#### Assignment
Could you give the data below again exactly, apart from the pictures?

#### Information supplied
**********

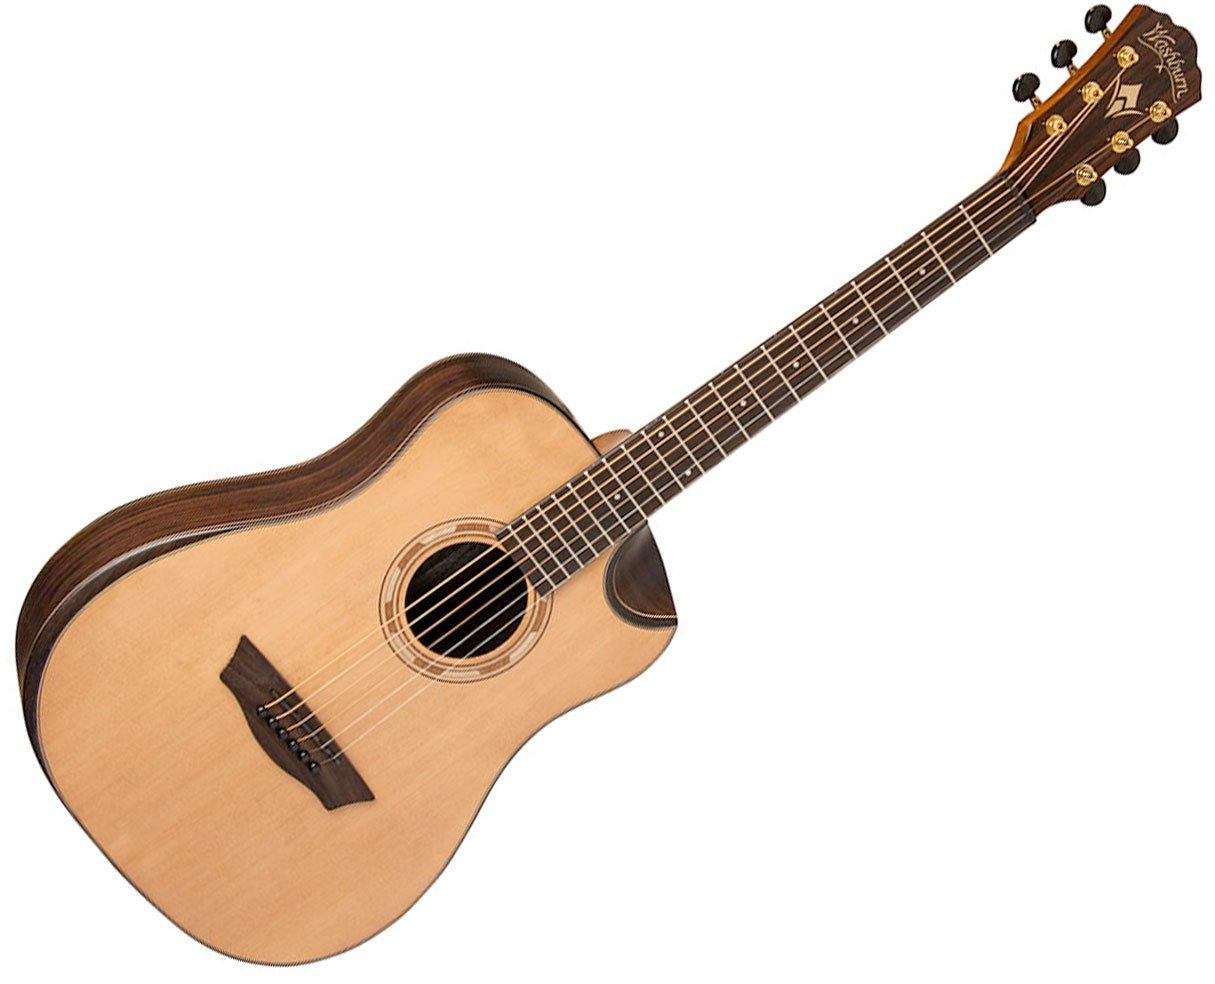 Washburn ワッシュバーン WCDM25SK Comfort Series Dreadnought 6弦 アコースティックギター - Natural アコースティックギター アコギ ギター (並行輸入) B00XCW9SEM
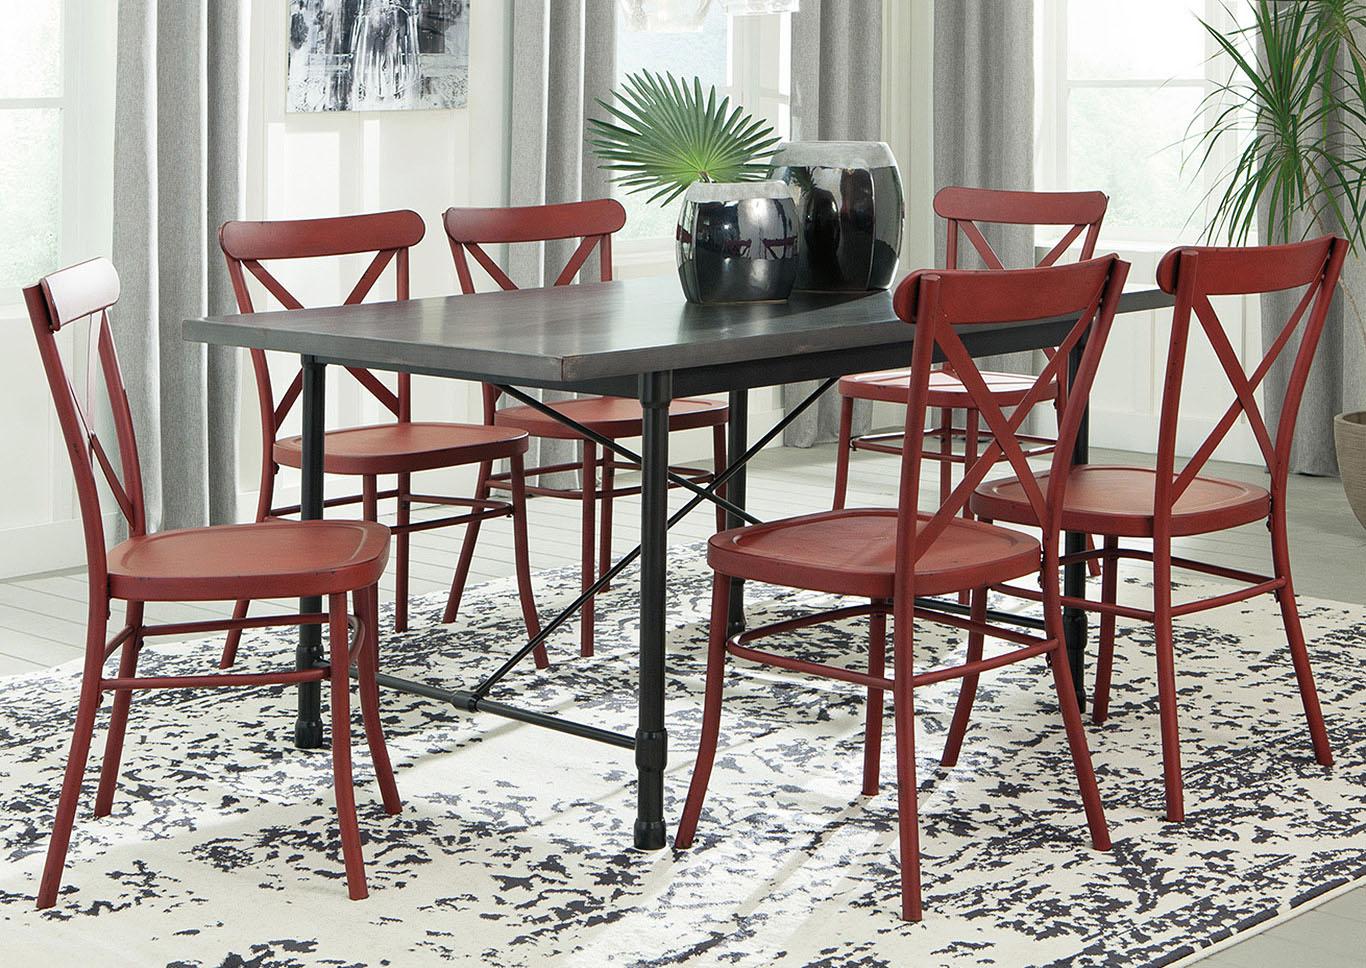 Woodstock Furniture Value Center Minnona Aged Steel Rectangular - Aged wood dining table
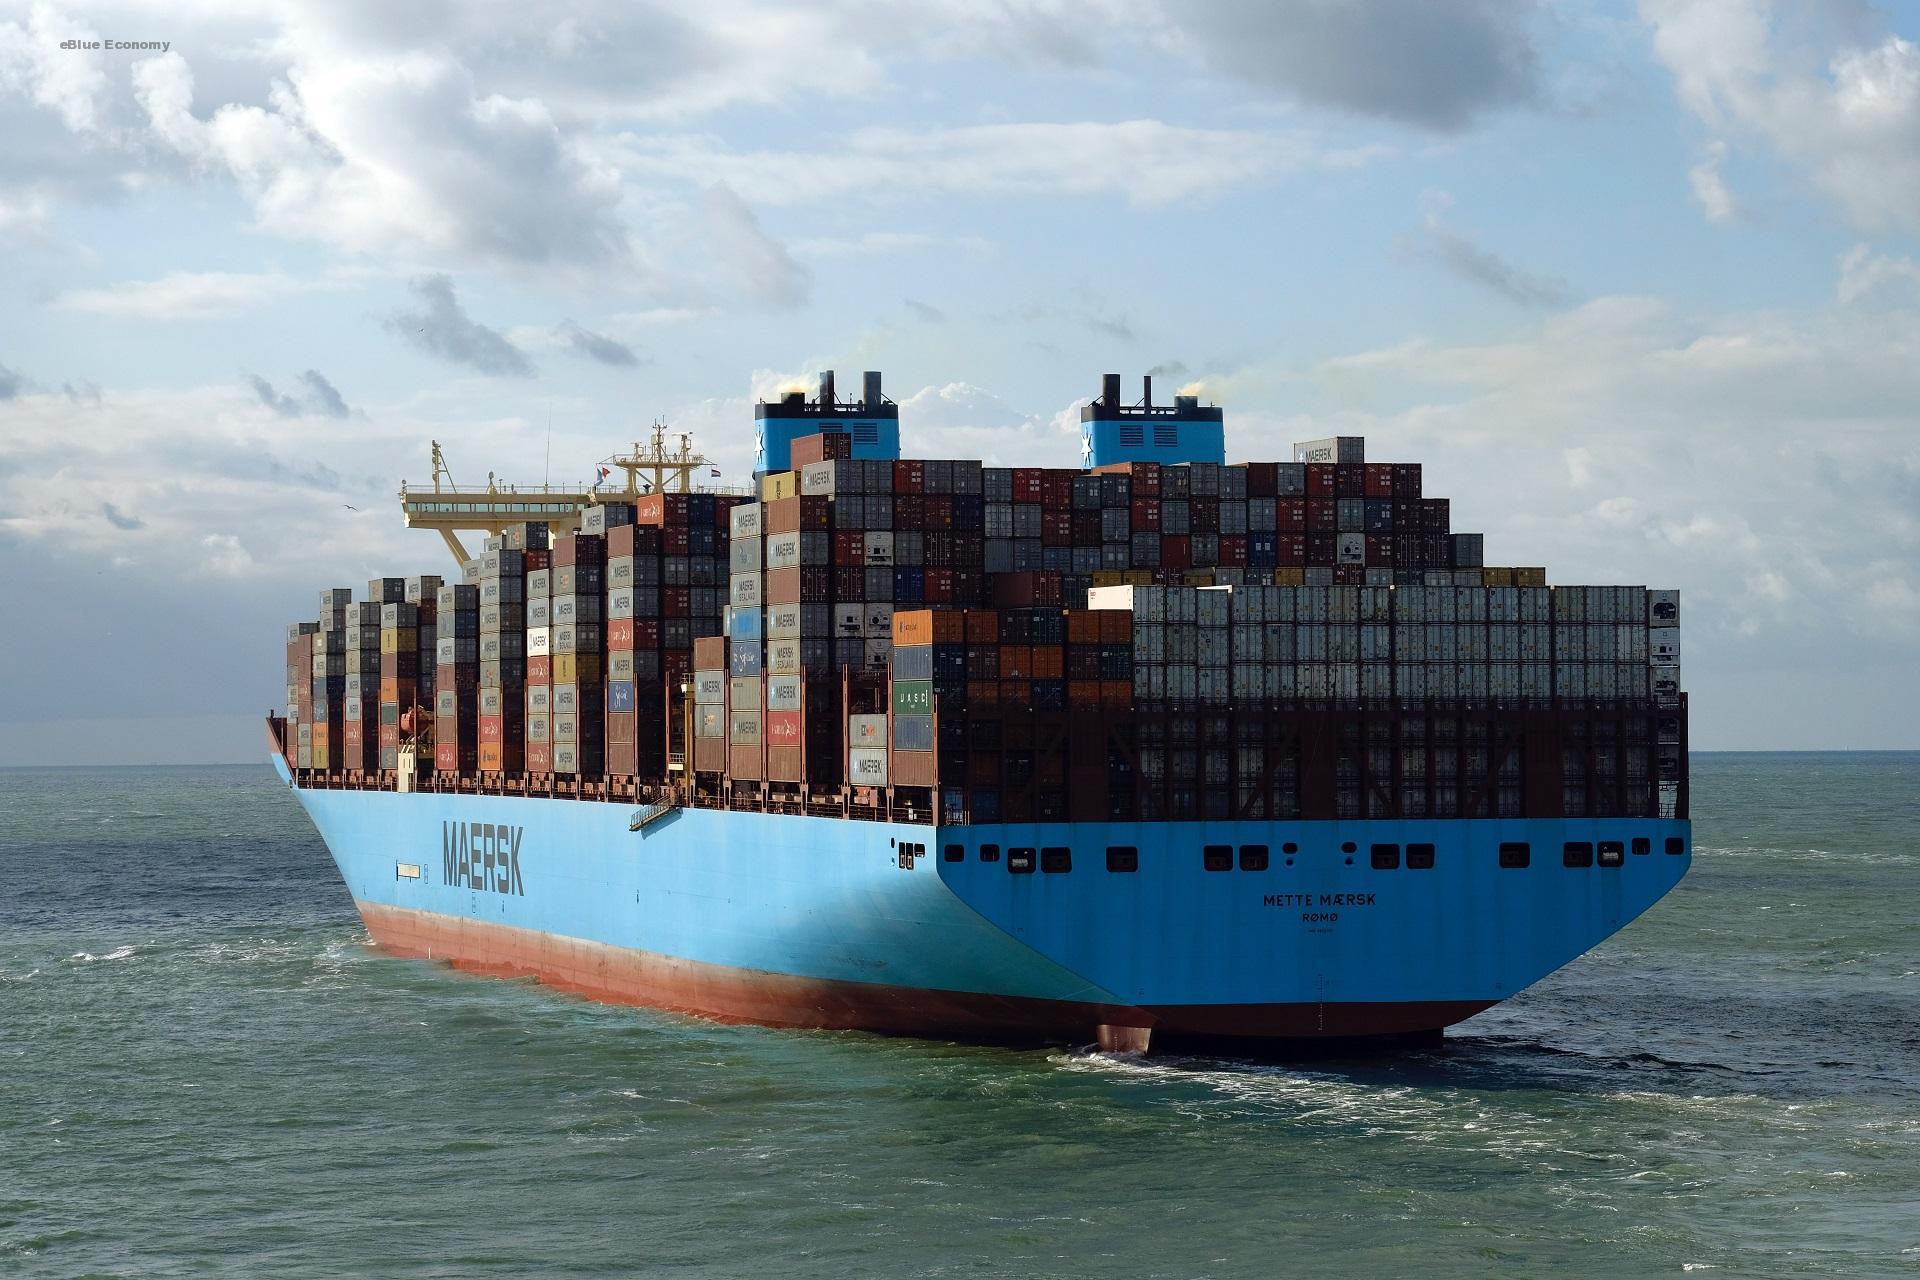 eBlue_economy_Mitsui joins Maersk Mc-Kinney Moller Center for Zero Carbon Shipping

**********

#### Result of this exercise
 Washburn ワッシュバーン WCDM25SK Comfort Series Dreadnought 6弦 アコースティックギター - Natural アコースティックギター アコギ ギター (並行輸入) B00XCW9SEM
 Woodstock Furniture Value Center Minnona Aged Steel Rectangular - Aged wood dining table
 eBlue_economy_Mitsui joins Maersk Mc-Kinney Moller Center for Zero Carbon Shipping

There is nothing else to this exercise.